– Вот он – поклеп! Вот что вороги мои вложили тебе, боярин, против меня… Нет, такого за Бегичевым не бывало… Не велика моя честь, но честью клянусь, – поклеп, Семен Лукьяныч!
– А к Никону, врагу моему, ушел в подворотники, или куда еще? В истопники мыльны[103] патриаршей?…
– Никона, Семен Лукьяныч, святейшего патриарха, почитаю…
– Почитай! От меня же прими нелюбье… Кого возлюбил? Смерда в поповском платье! Скорбен ушми, не чуешь, как весь народ зовет его иконоборцем? Византийскую правду древних царей и святителей ищет, а она, та правда, давно попрана новыми греками… Греки свои священные книги у веницейцев, латинян печатают и ныне по тем книгам наши древние переправливают. До Никона жили люди по старине. Молись, как было, и все тут…
– А нет, боярин! Никон узрел правильно, – худые попы церкви заронили… священное писание завирали.
– С чего мятеж зачинается и тишина рушится, то правдой я не зову! У Никона, Иван, дело не в молитве… не в крепости церковных правил – это лишь видимость – власть ему прельстительна и самовозвеличие… Не впусте расколыцики учат о двух апокалипсических рогах зверя: «Един рог – это царь, другой– Никон!» Власть свою он ставит выше государевой…
«Ужели ошибся я? То, что про Византию молвил, – разумно…» – подумал Бегичев.
– Мрут люди, сказываешь, а от кого? От Никона!
– То лжа, боярин! Прости меня…
– В отъезде кого оставил Никон Москвой ведать? Старика Волынского да Бутурлина, еще дьяка какого?
– Рыкова, боярин, – дельной дьяк!
– Пошто Никон своеволит? А по то, что хочет быть превыше царя, – малую1 думу выборных государевых людей упразднил, посадил бояр и неродовитых, да угодных ему, оттого расправные дела запустели… Вот, ты видишь, поди, что чинят на Коломне рейтары[104] и датошные люди?
– Своевольство и грабежи, боярин, но дело то не прямое патриархово… По тому пути боярин Илья Данилович[105]… Пришел я, боярин, с тобой не о вере прати и не обиду свою излить…
– Так зачем же пришел, Иван, сын Бегичев?

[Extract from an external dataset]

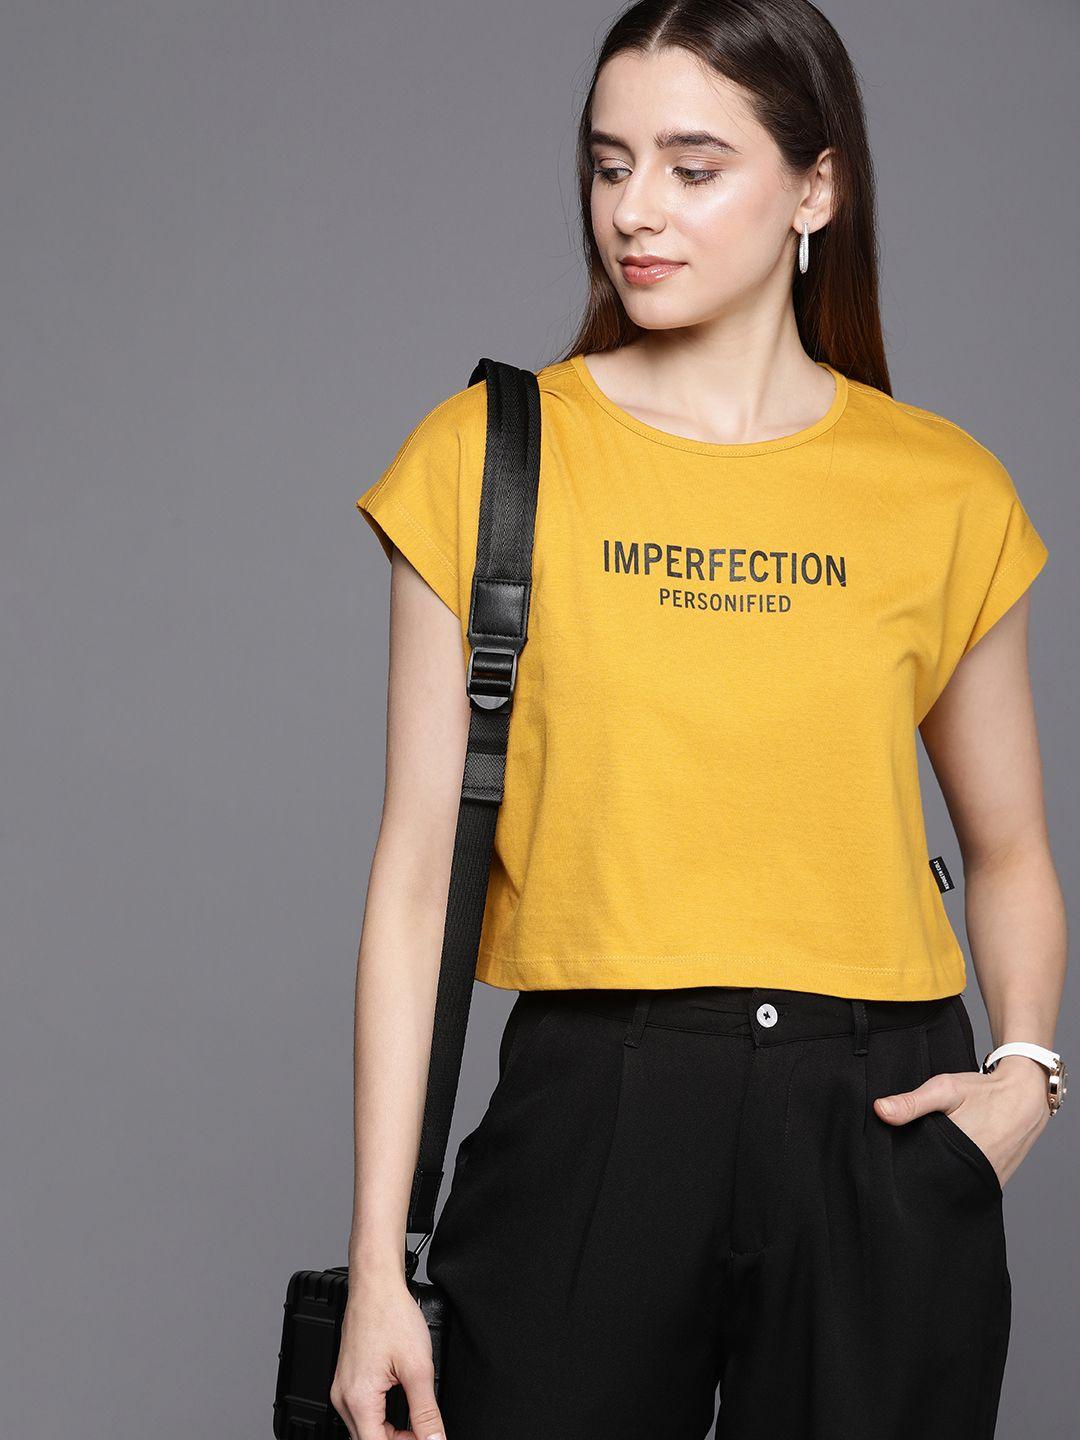 kenneth cole voice tee women yellow typography printed pure cotton t-shirt

– А за тем пришел, что мыслил так: делал-де он мне послуги – может, и ныне гнев на милость переложит, поговорит за меня великому государю…
– О чем еще?
– Дело малое, только путаное, – чтоб великий государь дал мне, холопу, быть беломестцем[106] своей слободы на Коломне…
– Пошто тебе надобно?
– Суконная сотня[107] меня, боярин, принимает и избрать ладит в кабацкие головы… Я же захудал, сидя без службы…
– Головой кабацким садись – место веселое, Иван, только бороду отрасти, чтоб драть было за что!
– Глумись, боярин, а помоги! Покуда я дворянин, не беломестец, головой не изберут… без тягла.
– Впрягись в тягло!
– Тогда с черными уравняюсь…
– Да, уж так…
– Посрамлю свой род!
– Он и без того не высоко стоит, местничать не с кем.
– Упроси, боярин, великого государя не ронить дворянство– быть беломестцем, беломестцы без тягла живут…
– Служилые… казаки и боярские дети, а ты не служилой…
– Пригожусь, боярин, головой послужу честно, альбо на таможню сяду.[108]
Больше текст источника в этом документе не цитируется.